30 Haziran 2010 Çarşamba

memnun, kaygısız mıydı?

Hayattan beklentilerim var. Gerçekleşmesi için canla başla uğraştığım veya dört gözle beklediğim beklentiler. Ah şu gün de geçsin diye takvime baktırtan beklentiler. Fakat şu da var ki hayata geçirilebilmiş olmaları beni hiç bi zaman çok fazla tatmin etmedi. Bi saat önce ahhh hadi.. dediğim şeye bi saat sonra offf hadi!! diyorum ben galiba. Kendimi çok yoruyorum. En basitinden gece olsa da bi güzel uyusam dinlensem diyorum ama sonra gözlerim yorgunluktan ve sinirden önüme akana kadar saçmasapan şeylerle ilgileniyorum. Sırf o beklentimi gerçekleştirmemek için. Çabuk demoralize oluyorum. Çok çok çabuk üzülüyorum. Gözlerim çok çabuk doluyo, istemediğim yerlerde zayıf, ağlayan kız imajı çiziyorum yine istemeden. Bunlardan memnun değilim hiç. Zaten kendimden de çok memnun olduğum söylenemez. Bi yerde bi yanlışlık var ama üzerime de alınmıyorum hala çok fazla, hadi bakalım...

12 Haziran 2010 Cumartesi

içsel gibi diil gibi

Az önce modayı sorguladım kıyafetlerimi toplayıp dolaba koyarken. Herkesin dönem dönem parası bittiğinde yaptığı şey yani. Niye alıyoruz bütün bunları, neler dönüyo, güzelsek güzeliz, çirkinsek çirkiniz, şu yüksek bel pantolonun buna ne kadar katkısı olabilir ki die düşündüm.

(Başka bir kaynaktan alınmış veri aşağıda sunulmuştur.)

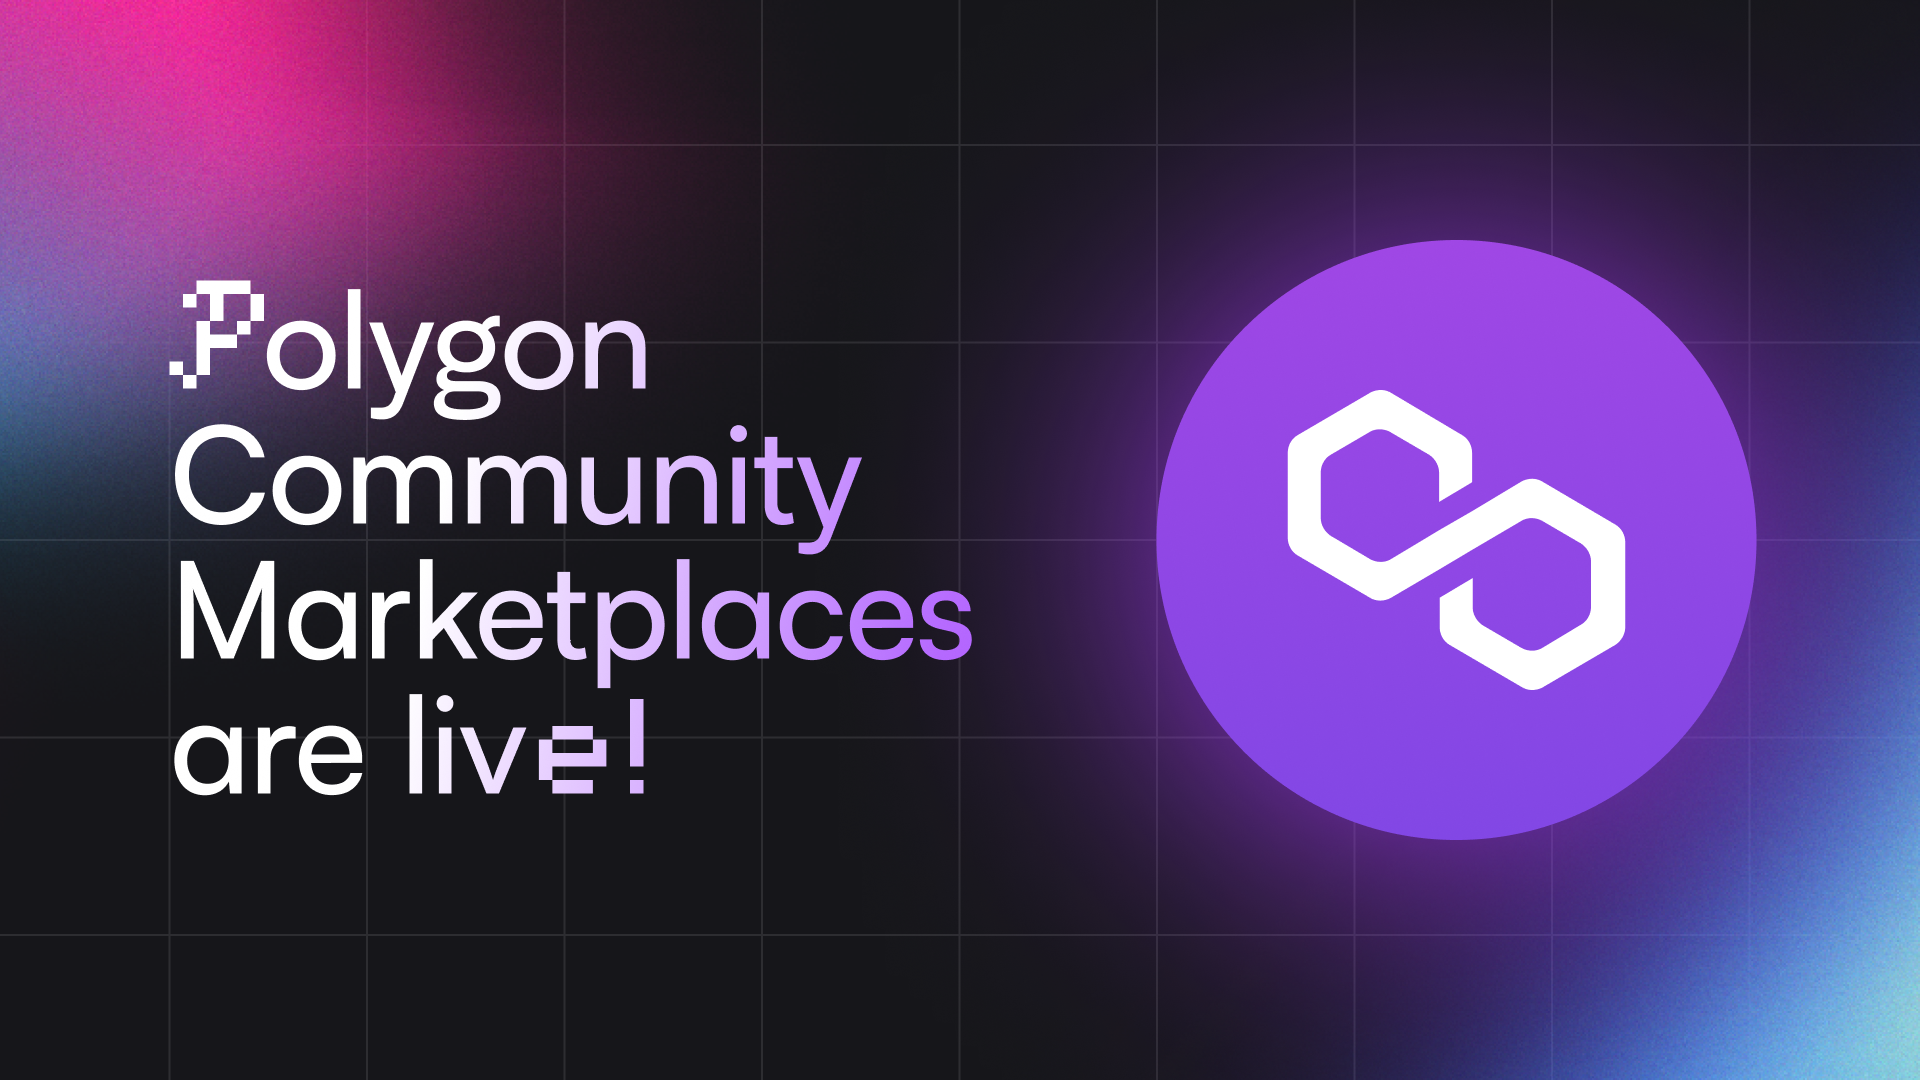 How to create your own Polygon Community Marketplace in a few clicks
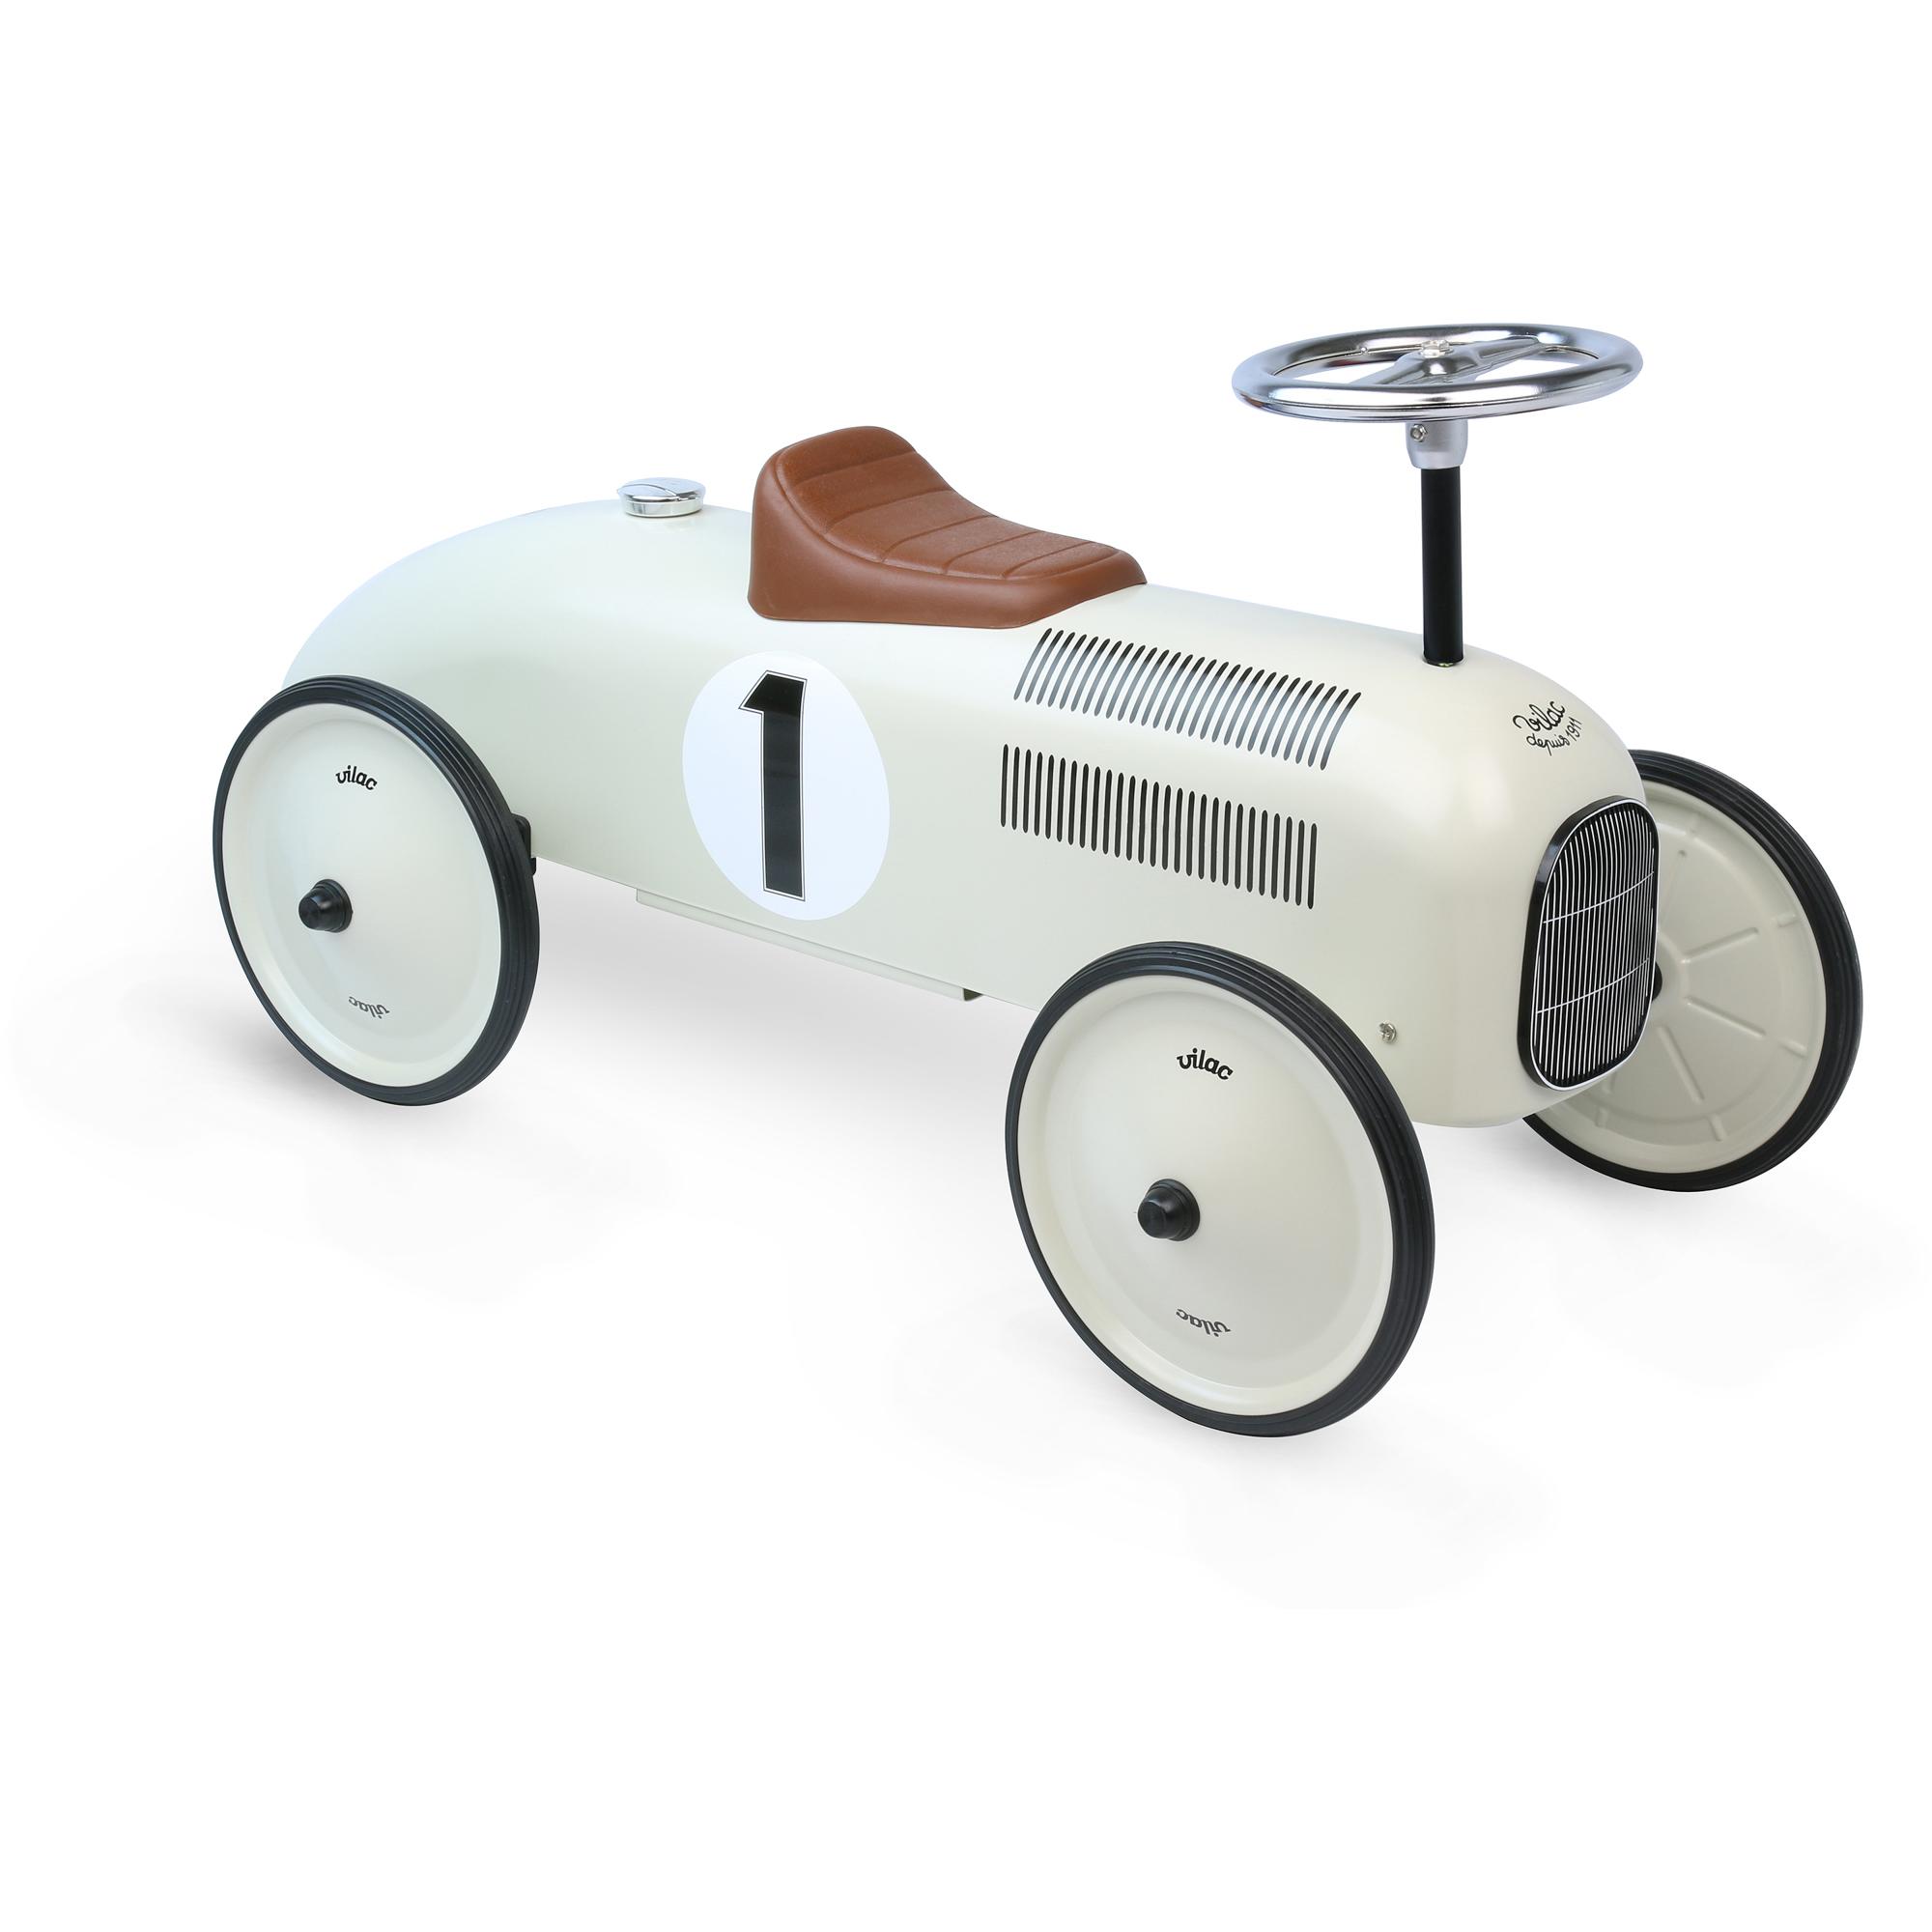 Off-white metal Vilac ride-on car with brown leatherette seat.

Bundan yaklaşık bi 6-7 sene öncesinde annemle bi inşaatın önünden geçerken, sarı lastik çizmeli adamları görüp bunlar moda olsa mesela, her rengini yapsalar ve çoğunluğun o sezonki tarzını belirleyen bikaç mağazada satmaya başlasalar kapışılır mı sence demiştim. O da marjinal bi cevap vermiş olmak için -çünkü olmaz öle bişey demek çok düz bi bakış açısı olucaktı, hani yaparız ya öle inanmadığımız şeylere o an sırf inanmak daha güzel gözüküyo die onay veririz- olucak bence öle bişey demişti. İkimzde ihtimal vermemiştik o zaman ama bu kış buna ihtimal verenler lastik yağmur çizmelerini piyasaya akın akın sürdü, ben de en başta nefret ettim, dalga geçtim ehe ehe diye, sonra da bence çok kullanışlı ve güzeller diyip gidip aldım. Herkes aldı. İstanbul'da kimsenin ayağına su girmedi bu kış diyebilirim. Keza yüksek bel pantolonlar, etekler. Şuan dolabım beli karnıma kadar çıkan kıyafetlerle dolu, bu zamana kadar yatırım yaptığım düşük belleri alırken aklım da nerelerdeymiş diyorum. İşte böyle saçmasapan bişey. Üstelik bunu insanların zaman geçtikçe zevkleri olgunlaşır veya değişir, daha önceden burun kıvırdıkları şeylere yönelebilirler şeklinde de yorumlayamıyorum çünkü sürekli tekrar halinde bişeylere saldırıyoruz. Aynı örnek üzerinden gidersek mesela ben çocukken yüksek bel modaydı,sonra biraz büyüdüm hepimiz aşırı düşük belli kotlarla gezdik, şimdi gene başa döndük, 3-5 sene sonra gene.. Bu çok da parlak olmayan yazıyı bi yere bağlamak niyetinde diilim, sadece zaman zaman olmadık yerlerde çok fena aydınlanmalar yaşıyorum, gözümü ilerde bi noktaya sabitleyip olum dur.. çok garipmiş.. diyesim geliyo. Yadırgamak normalken kanıksamayı yadırgıyorum. Bu son cümledeki ilk üç kelimenin özne olduğunun bilincinde olarak cümleyi geri okuduğumda, tam da kendimi çok iyi ifade ettiğimi düşünürken, son bikaç günün en saçma cümlesini kurmuş oldum. Yani artık bana havada, karada ve aklımın çok da ermediği kurallarla dolu moda dünyasında ölüm yok. Çüz.